Jovens futebolistas que passaram pela Academia BSports, em Riba de Ave, confirmam à Renascença a prática de retenção de passaportes dos atletas por parte da direção.
Além dos passaportes retidos, os jovens queixam-se de má alimentação e de restrições de circulação.
Husnain Khan, de 20 anos, proveniente do Dubai, relata à situações que considera "estranhas" com alguns jogadores.
“Eu tinha o meu passaporte, mas muitos outros não tinham os seus. Era a academia que tinha esses documentos”, conta.
"Era muito estranho, porque o passaporte é o que de mais importante podes ter. Sem passaporte não és ninguém, não tens identidade”, reforça.
Khan conta ainda que muitos jovens jogadores tentariam escapar também devido às condições de alimentação não serem as melhores, mas a retenção de passaportes impedia a fuga.
“Eu sei que tinham passaportes, porque muitos tentavam escapar e essa era a forma de evitar fugas da academia. E muitos podiam escapar, porque havia muitos problemas. Por exemplo, por vezes, a alimentação não era a melhor, porque todos eram futebolistas e precisavam da melhor alimentação possível, mas, na maioria das vezes, a comida não estava ao nível das exigências de um jogador de futebol”, diz.
Por tudo isto, Husnain considera um desperdício os dois mil euros que pagava mensalmente: “Sim, acho que é um desperdício de dinheiro, porque muitos chegam aqui para cumprir os seus sonhos, jogar futebol profissional, conseguir um contrato, mas chegam aqui e levam muito dinheiro, é um desperdício.

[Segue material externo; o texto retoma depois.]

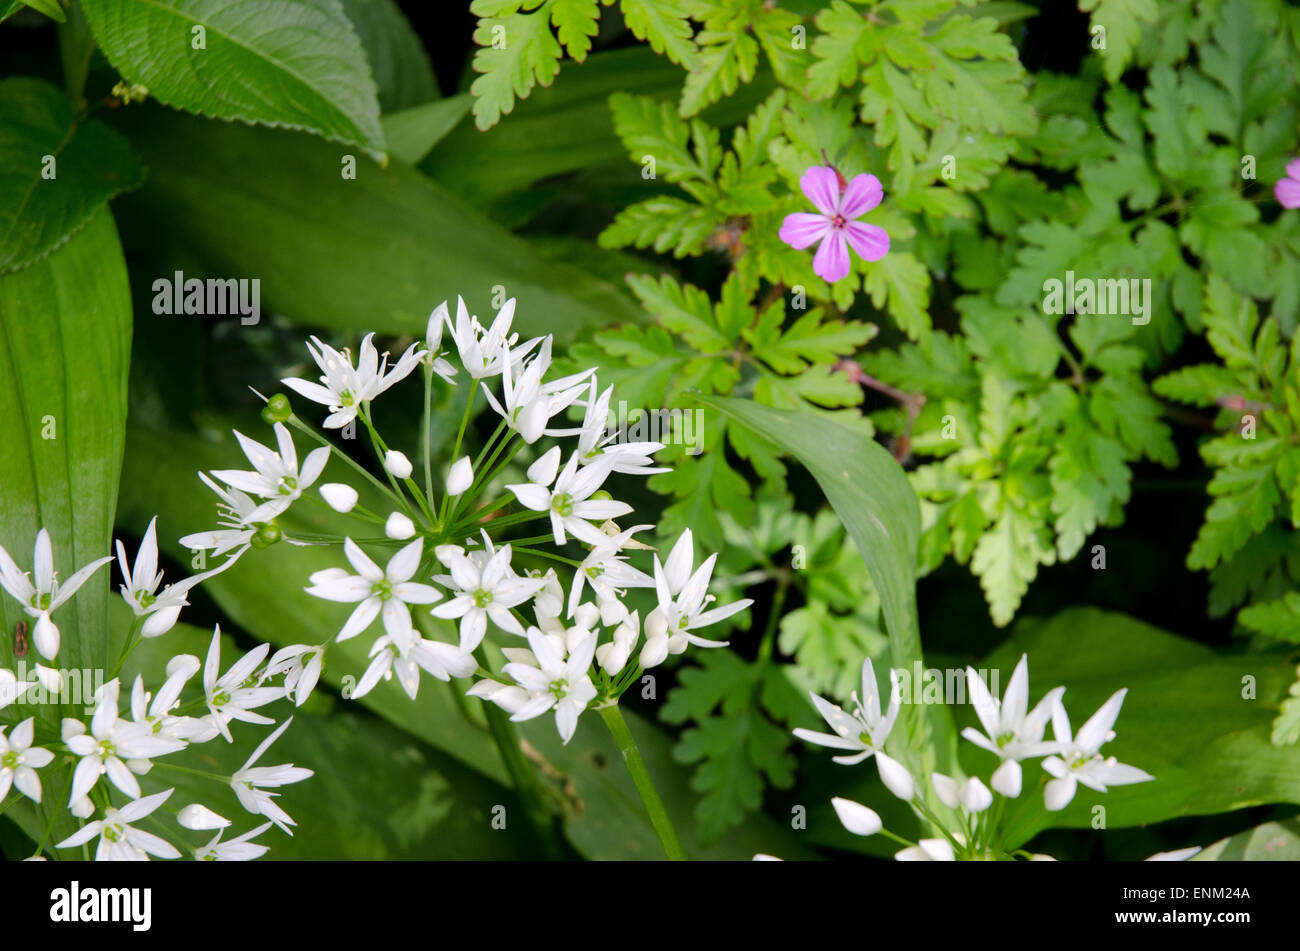 Wild Garlic Allium ursinum and geranium robertianum Stock Photo

Eu pagava - ou melhor, o meu pai pagava - dois mil euros, mensalmente."
“Algumas pessoas fugiam. Não cumpriam o contrato e fugiam"
Este cenário é confirmado por outro atleta ouvido pela Renascença, mas que preferiu manter o anonimato.
O jovem de 19 anos e proveniente da América do Sul foi um dos atletas retirados da academia para uma instituição de acolhimento. Revela que a retenção de passaportes pretendia evitar a fuga dos jovens.
“Algumas pessoas fugiam. Não cumpriam o contrato e fugiam. E isso era mau para a academia. Então eles começaram a tentar tirar os passaportes, mas a mim nunca tiraram”, diz, observando que “eles fugiam porque não gostavam das regras, não gostavam de estudar e assim”.
O jovem de 19 anos confirma, ainda, as dificuldades que os alunos tinham para abandonar a academia e cancelarem a sua inscrição. No entanto, revela que a direção justificava os entraves à saída dos atletas com os contratos assinados.
“Havia pessoas que não gostavam de estudar ou jogar e tentavam ir embora e a direção dizia que não estavam a cumprir o contrato e exigia dinheiro. Claro que as outras pessoas ficavam zangadas, queriam ir embora assim, sem pagar, sem nada”, assinala.
Restrições havia, também, no que respeita à saída dos atletas das instalações da academia.
Segundo este jovem, “os menores de idade tinham que sair em grupo e encarregavam o responsável. Eles não podiam sair quando queriam, não tinham autorização”.
“Em contrapartida, nós, maiores de idade, já podíamos, mas só aos sábados e aos domingos, das 8 às 10. Mas, para isso, tínhamos que pedir autorização até à quarta-feira anterior”, conclui.
Os habitantes da freguesia de Riba D’Ave, em Vila de Famalicão, ficaram “surpreendidos” com as suspeitas de tráfico humano, sobretudo de menores, envolvendo a BSports, academia de formação de futebolistas dirigida pelo presidente da AG da Liga de Portugal, Mário Costa.
O caso de tráfico de pessoas na academia em Riba d'Ave ainda está a ser investigado pelo SEF, que anunciou ter sinalizado 47 vítimas de tráfico, 36 delas menores.
Na sequência das acusações, Mário Costa demitiu-se do cargo de presidente da mesa da assembleia geral da Liga.